**Supplied data**:
※

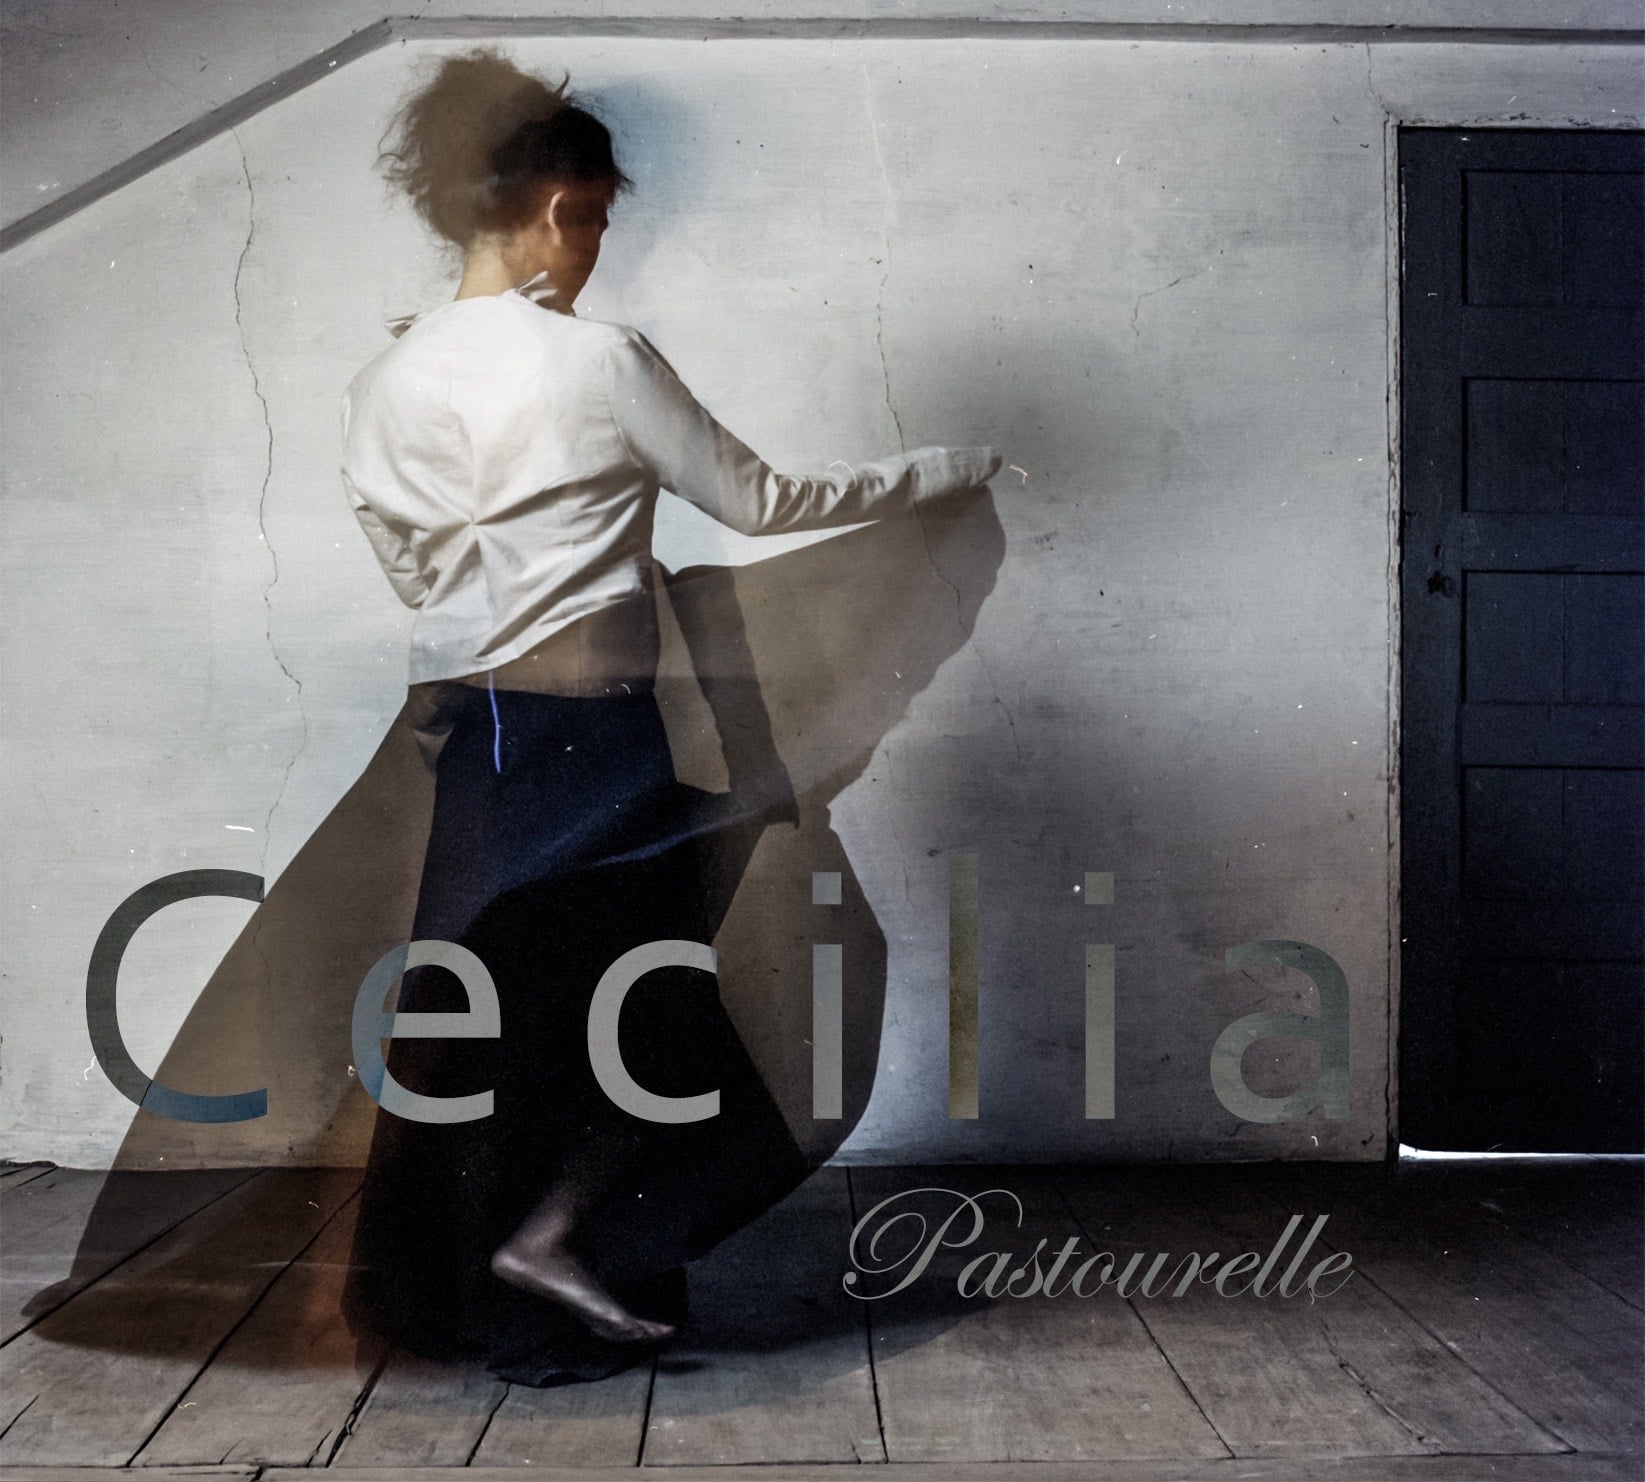 Beveiligd: CD Cecilia Pastourelle
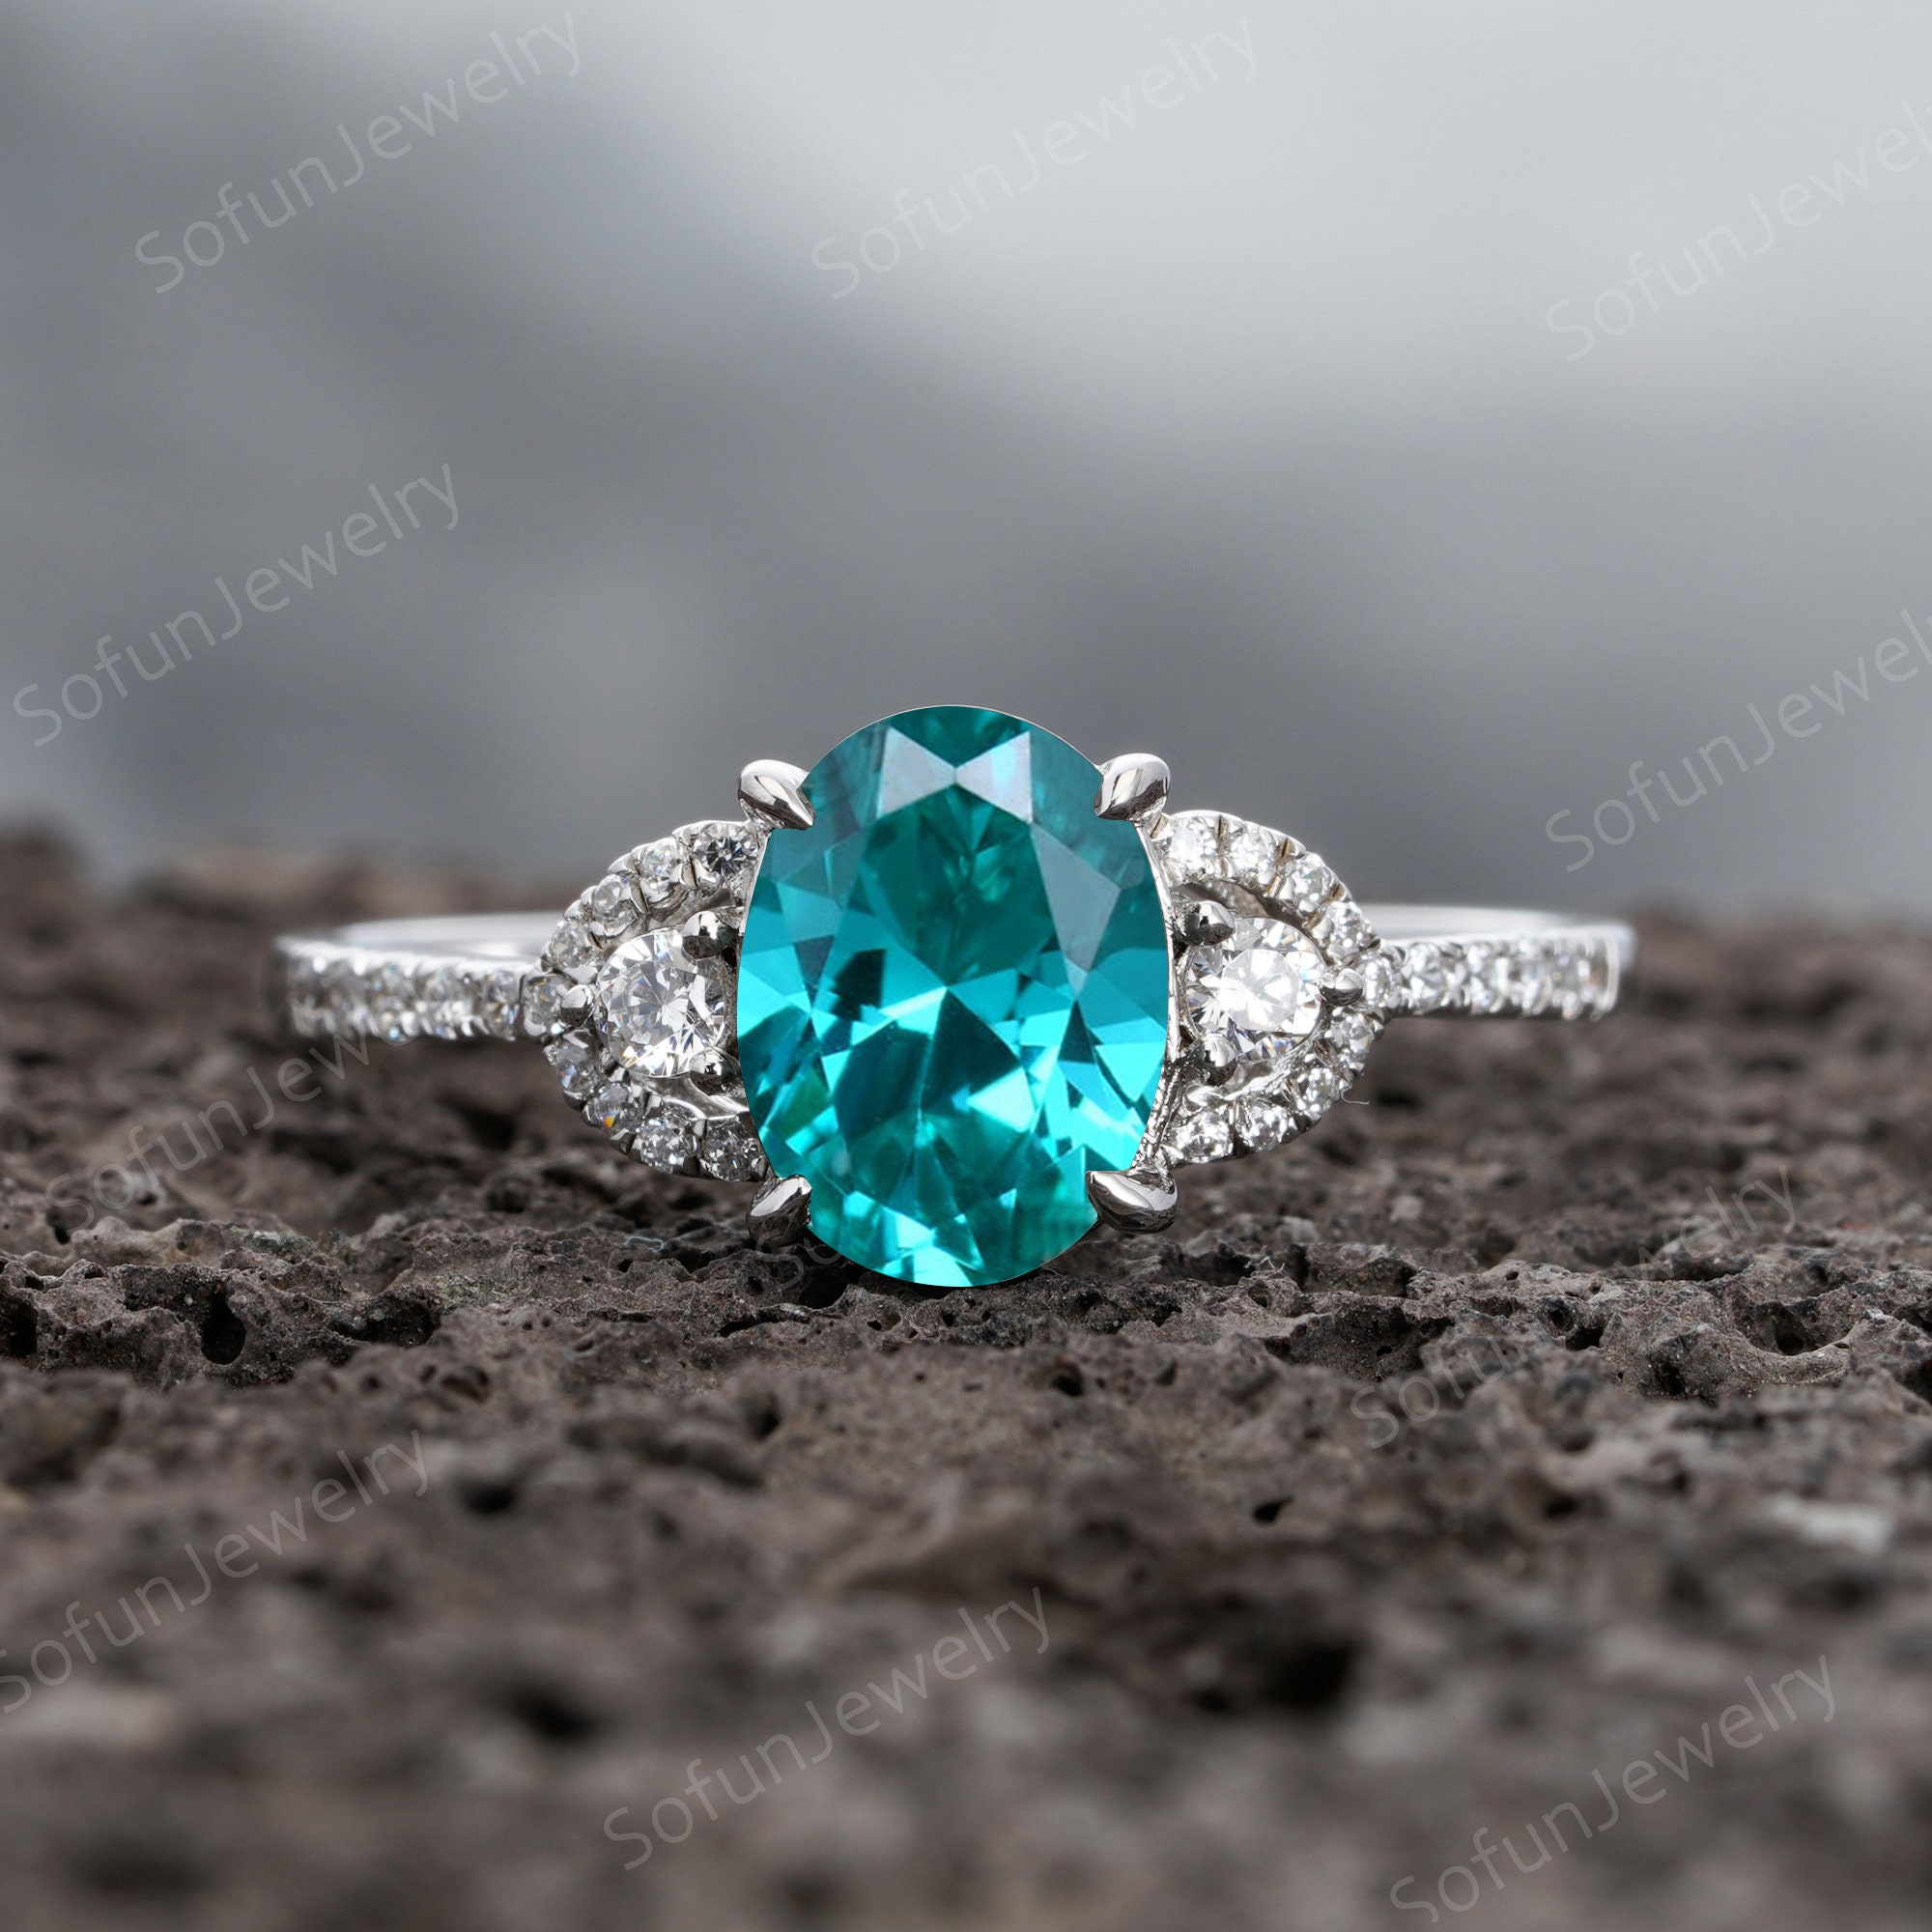 Paraiba Tourmaline Engagement Ring/ Blue Tourmaline Rings/ 1CT Oval Cut Tourmaline  Rings/ Low Profile Tourmaline Wedding Ring/ Diamond Rings - Etsy
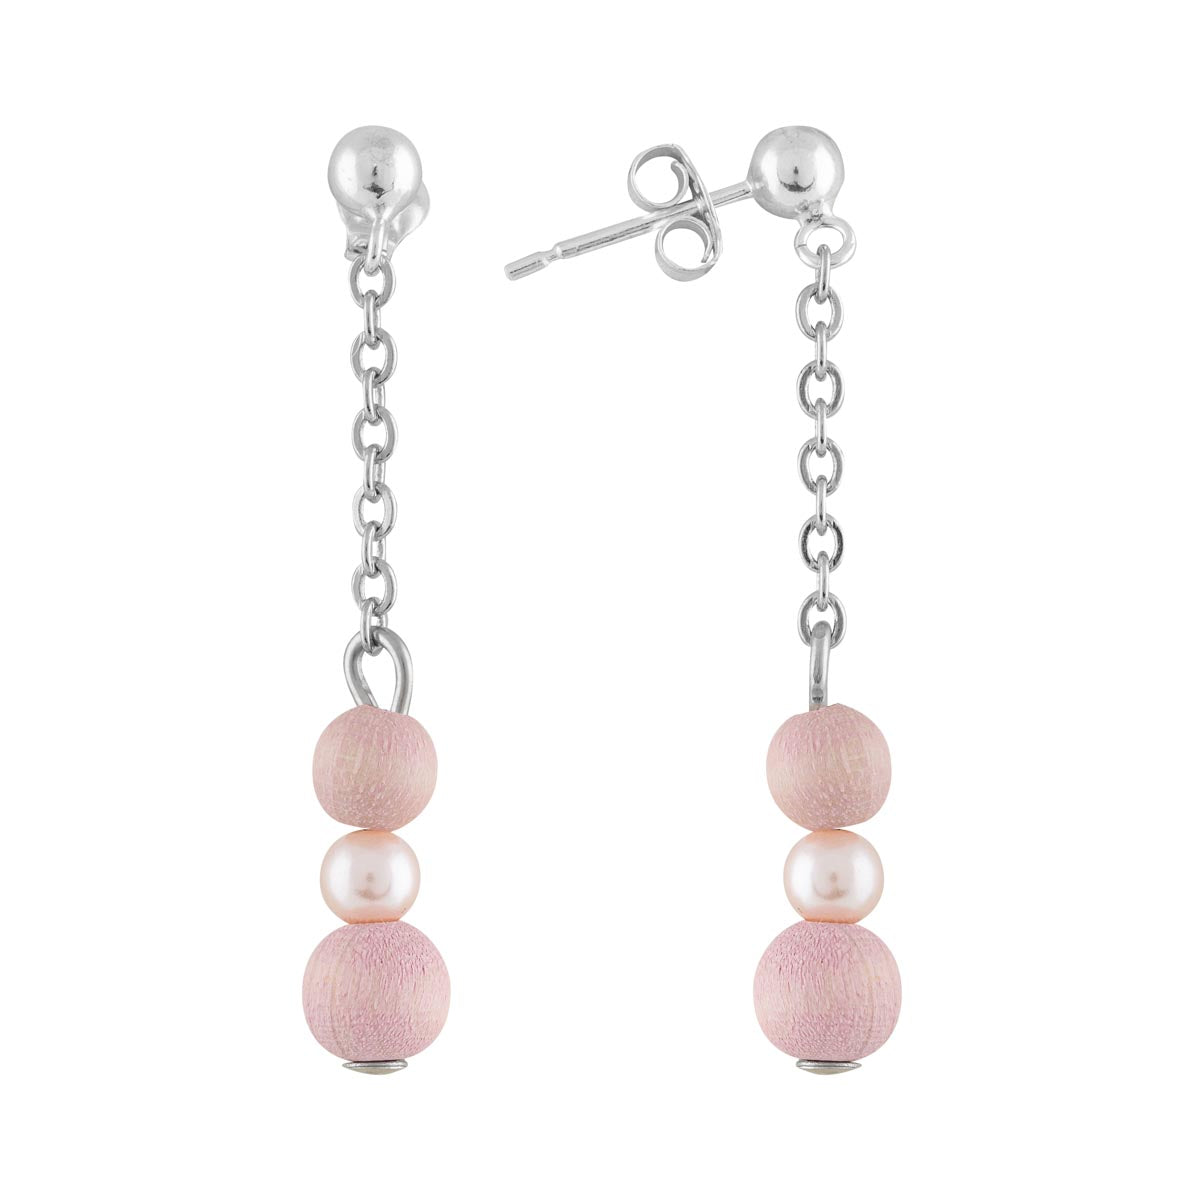 Siro earrings, light pink
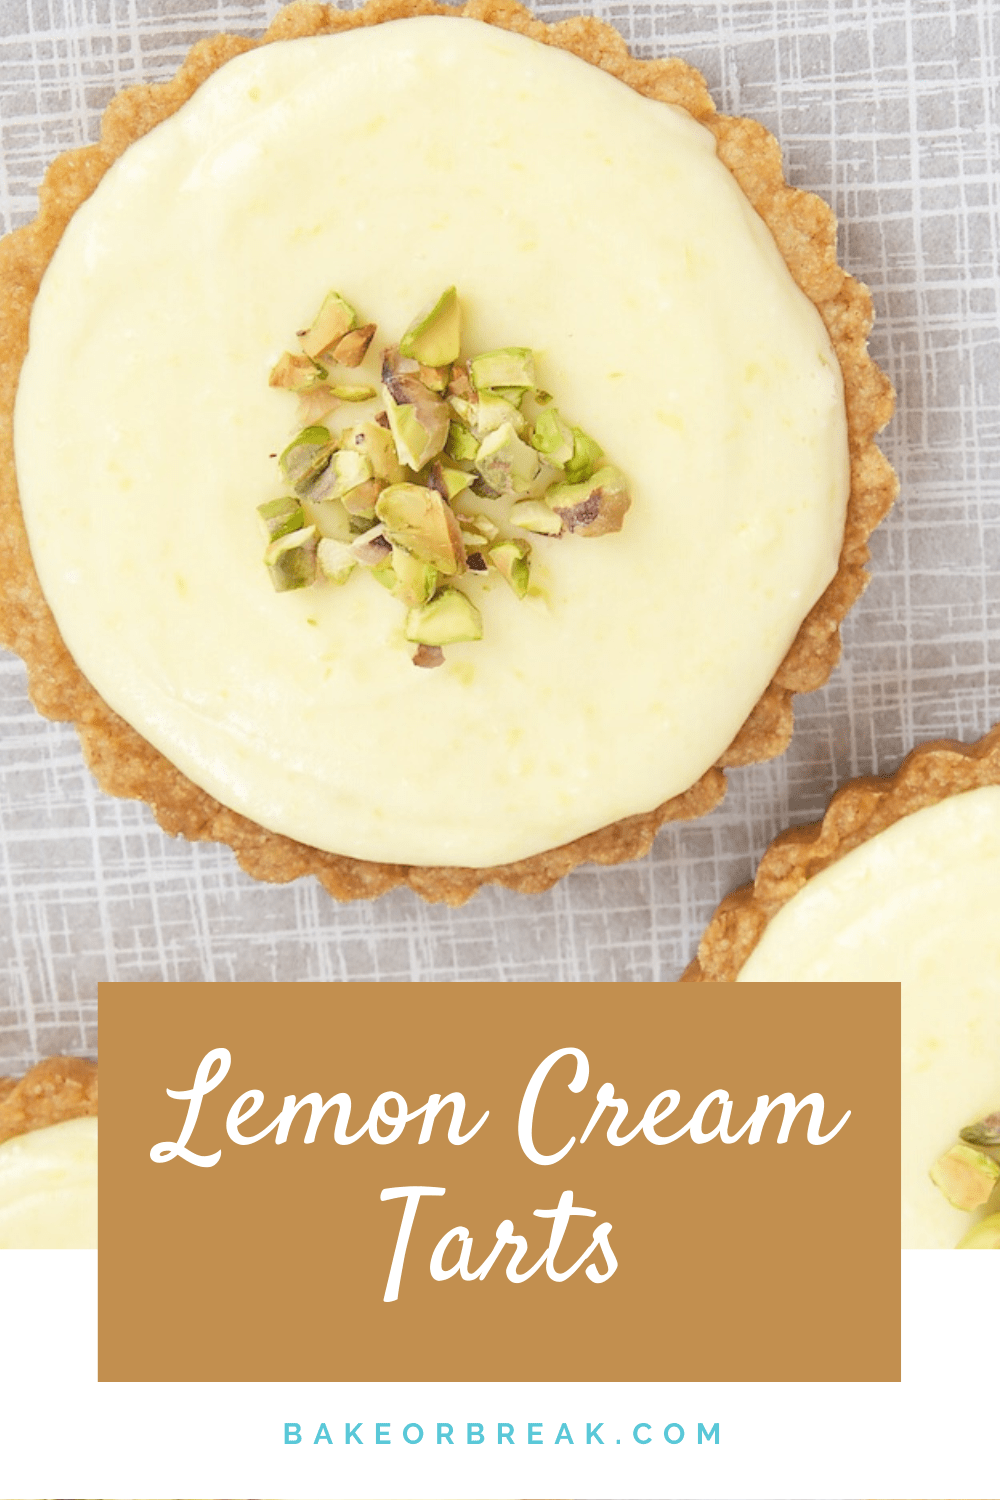 Lemon Cream Tarts bakeorbreak.com

※

**What the exercise asks**: Nothing but the lines from the line with "Siro earrings, light pink" through the last line of the data above should be printed, exactly as written and without pictures.

**Output for this task**:
 Siro earrings, light pink
 Lemon Cream Tarts bakeorbreak.com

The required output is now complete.